* Problem to work on
Write out each line of the listing as it stands, without the images.

* Collected material
[Start of section]

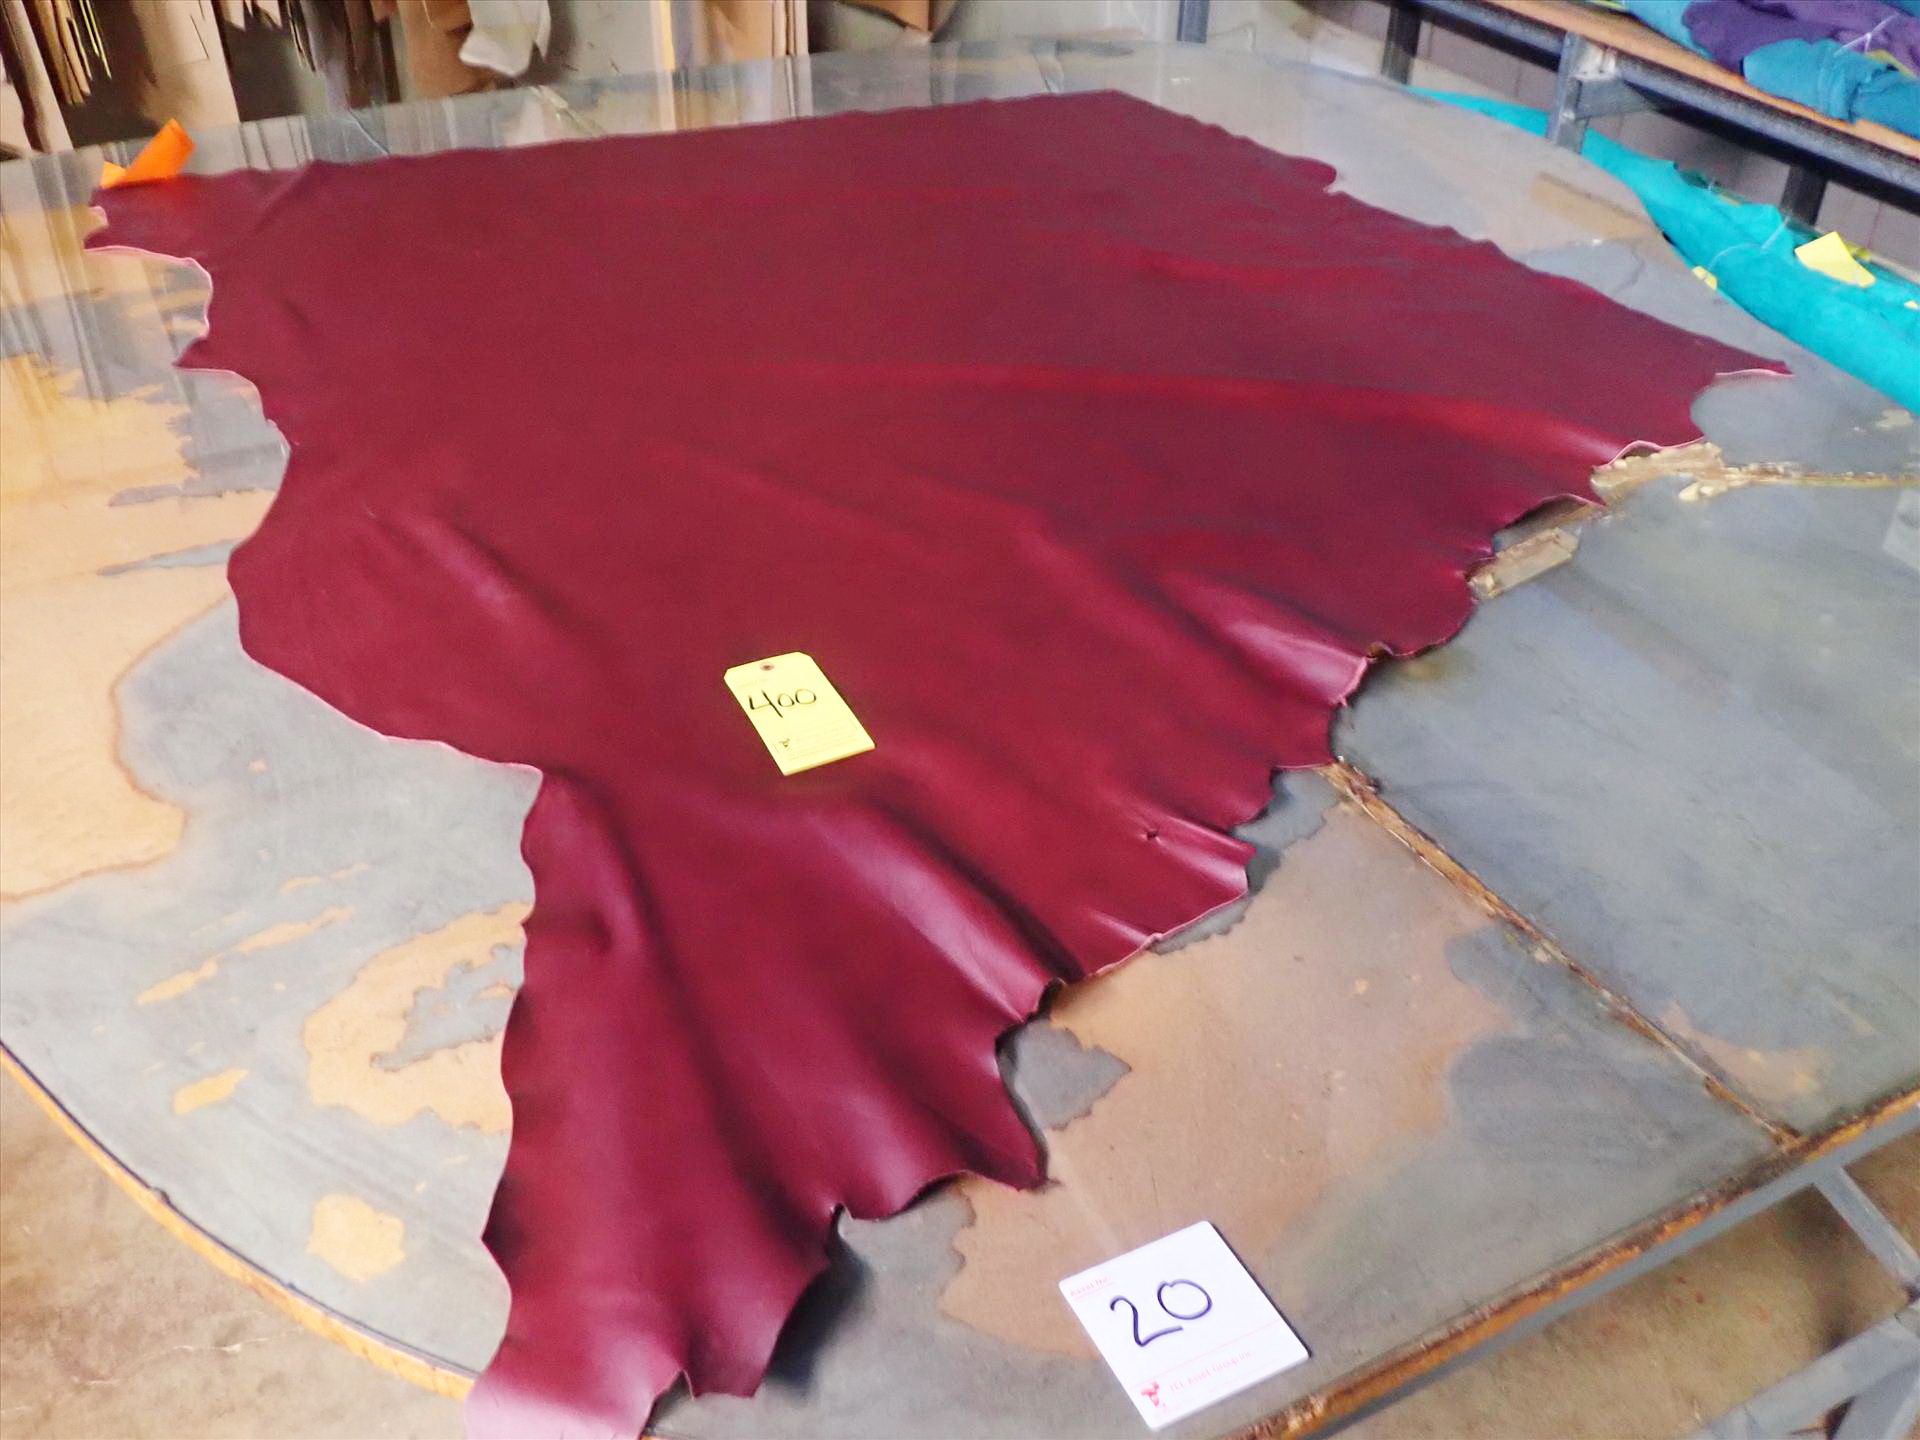 Leather, Supreme/Nutra/Bordeaux, partial hide, approx. 30 sq ft
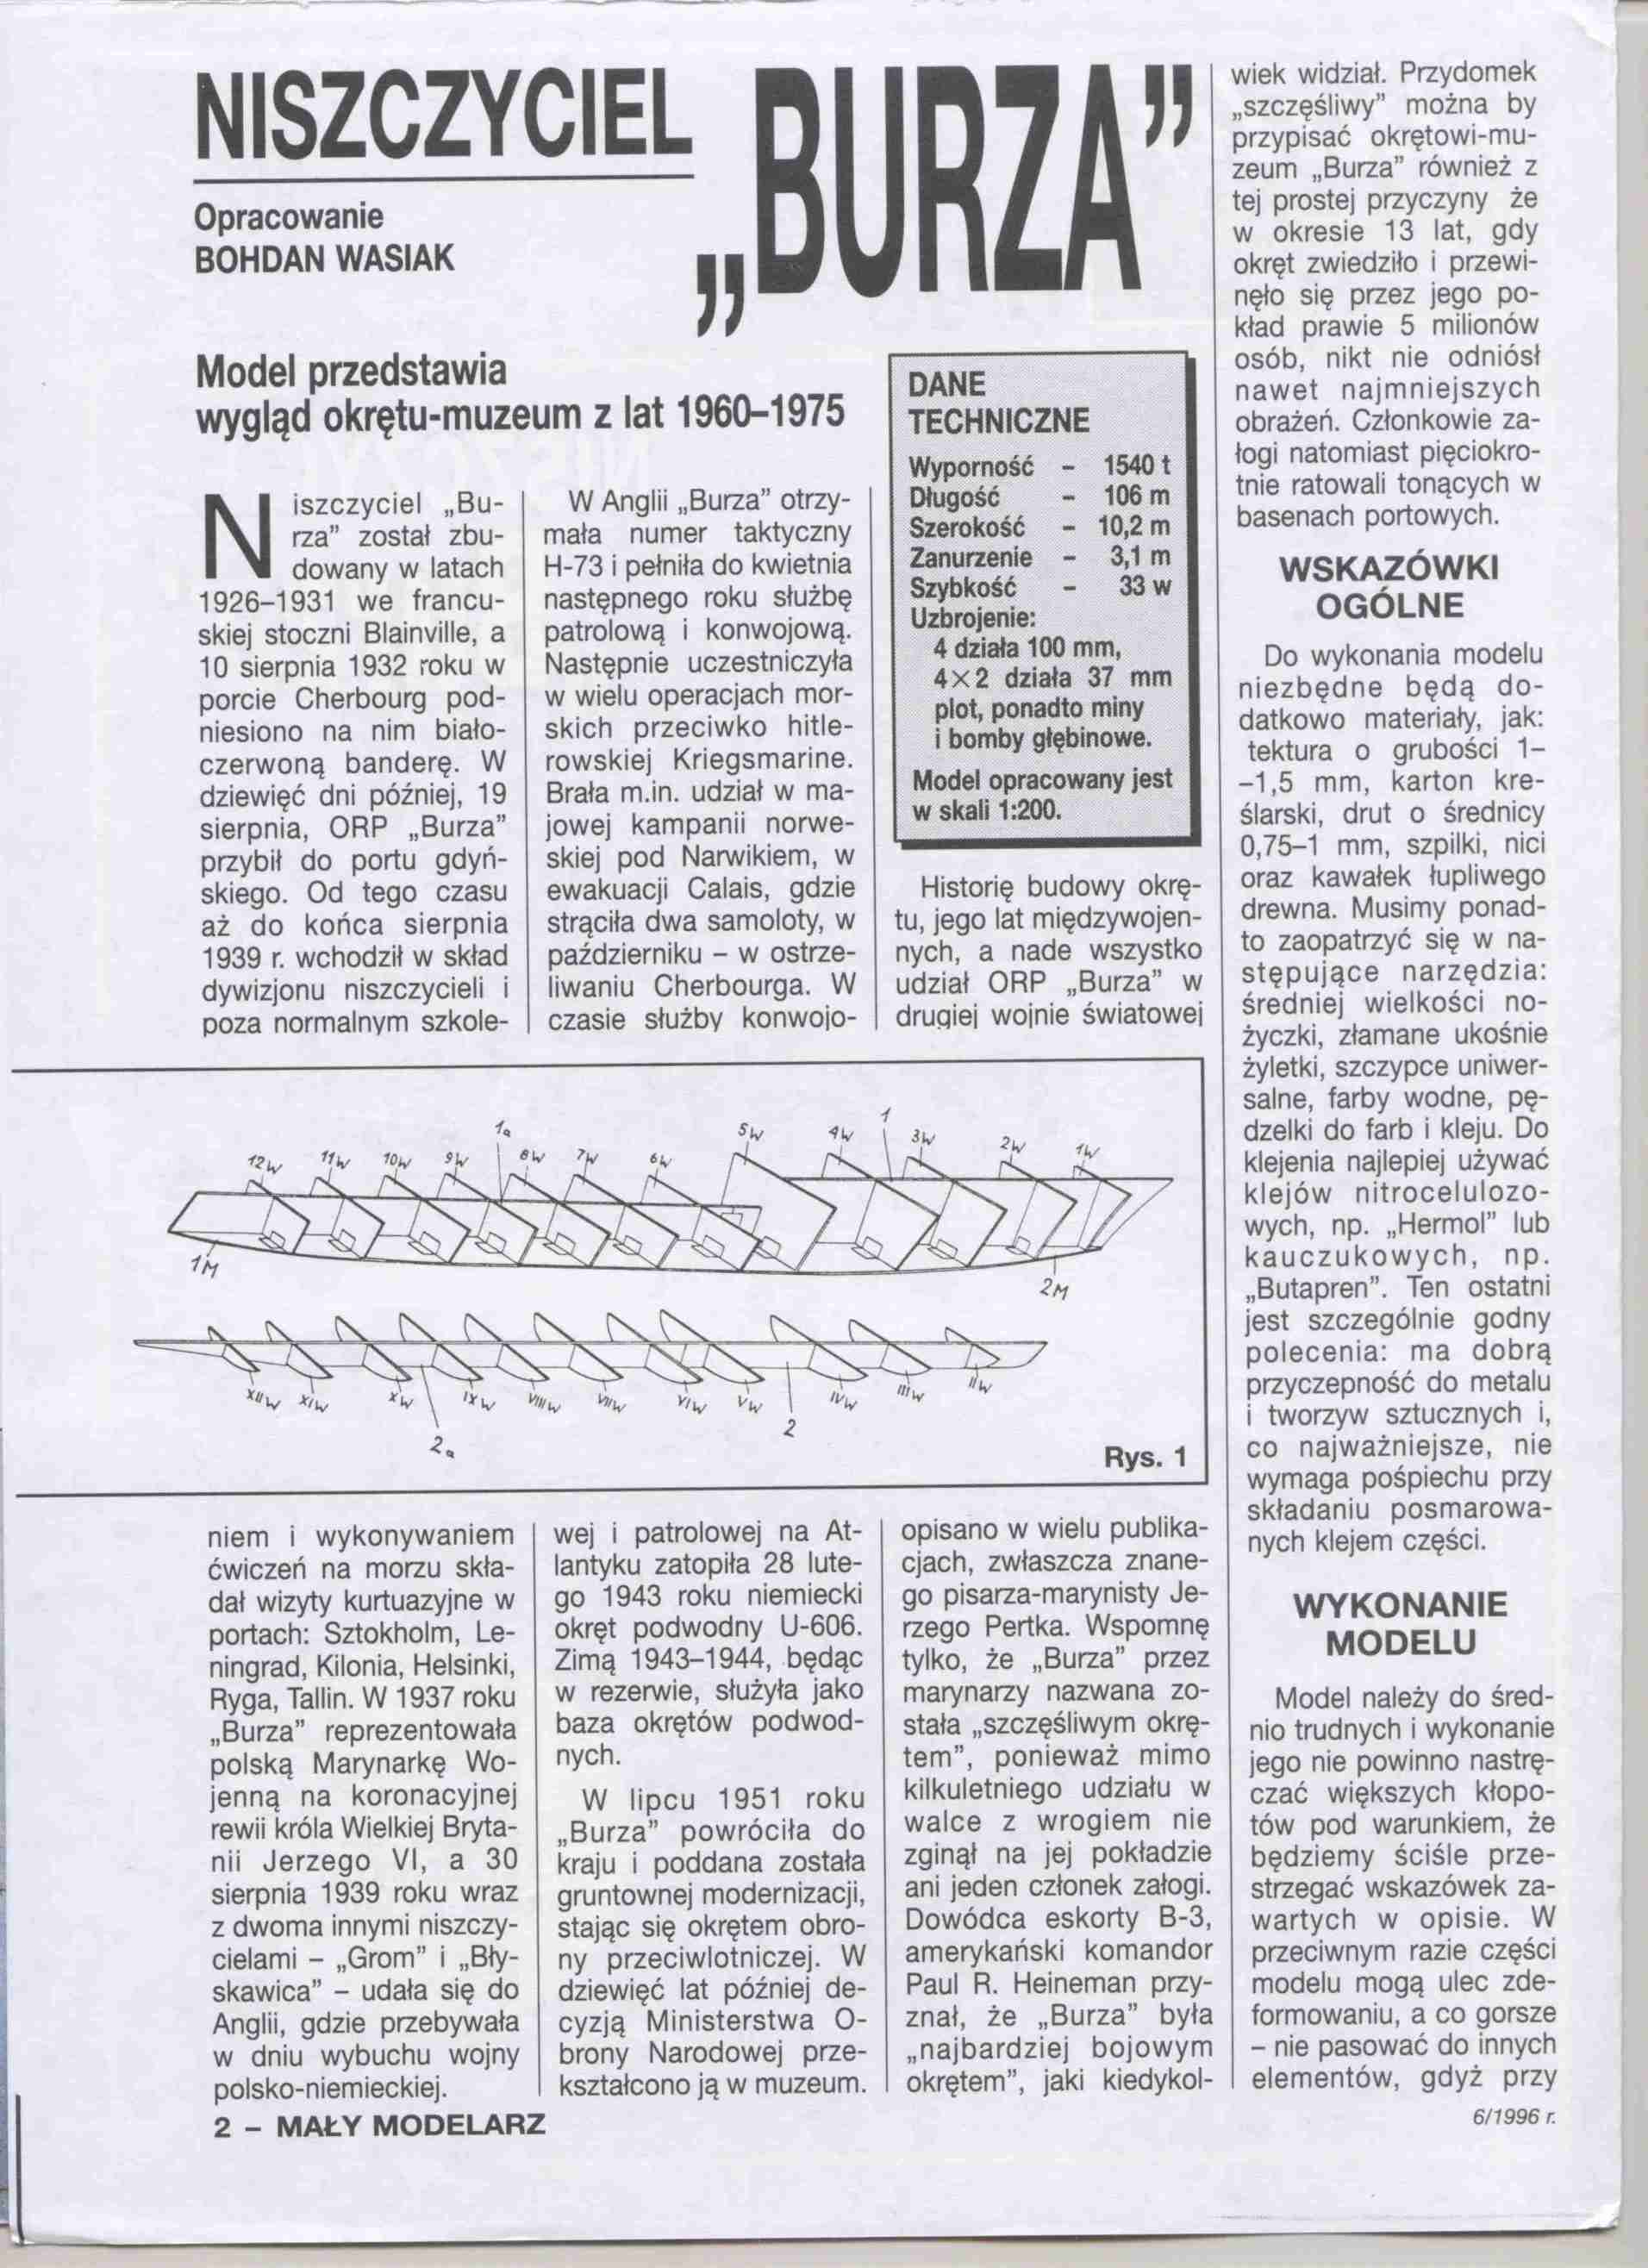 "Maly Modelarz" 6, 1996, 2 с.
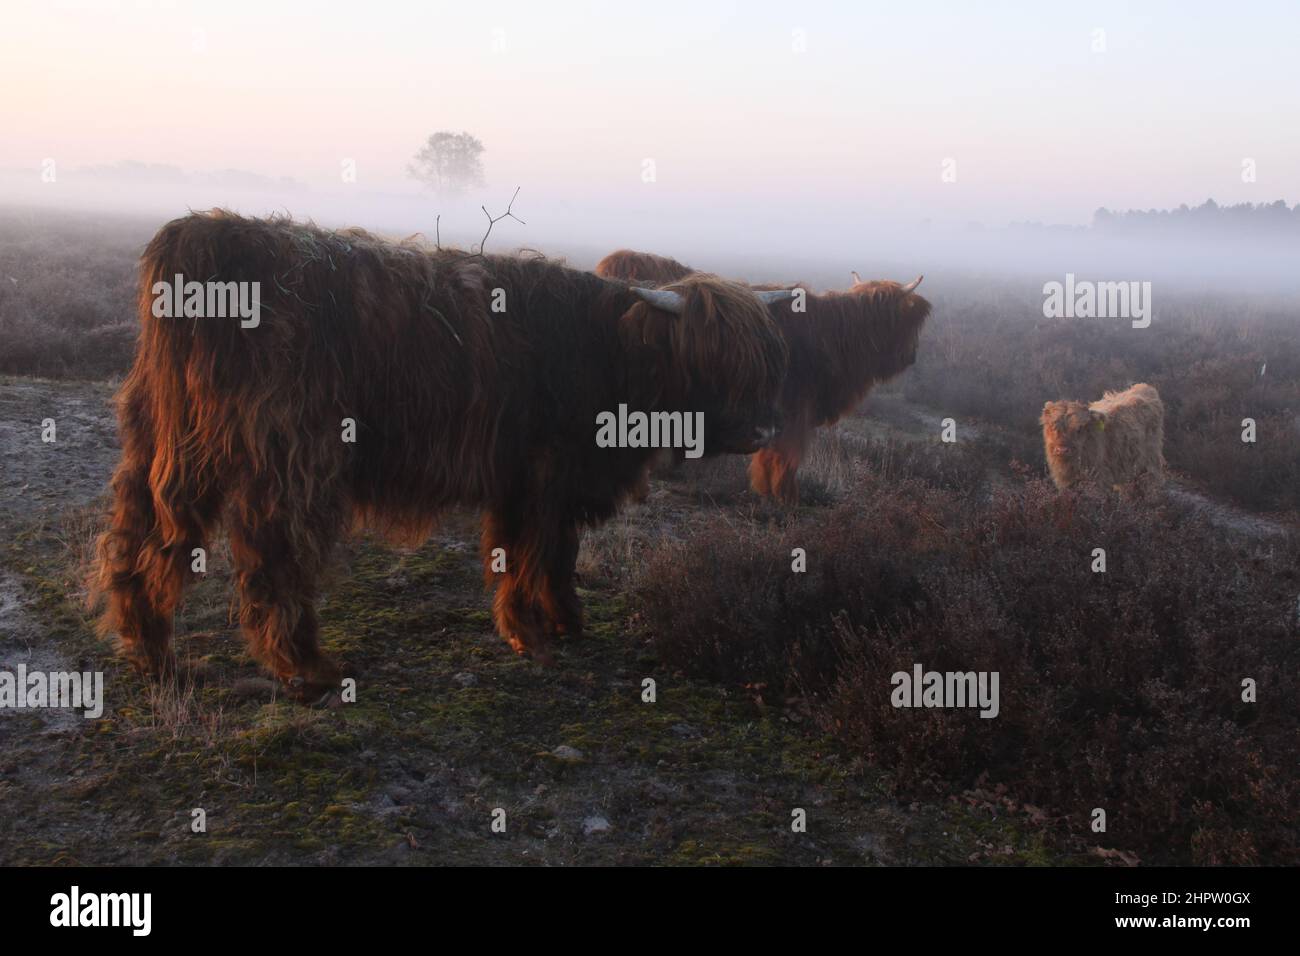 Scottish highlanders in a misty moorland landscape. Stock Photo

[End of section]

* Solution to this exercise
 Leather, Supreme/Nutra/Bordeaux, partial hide, approx. 30 sq ft
 "Maly Modelarz" 6, 1996, 2 с.
 Scottish highlanders in a misty moorland landscape. Stock Photo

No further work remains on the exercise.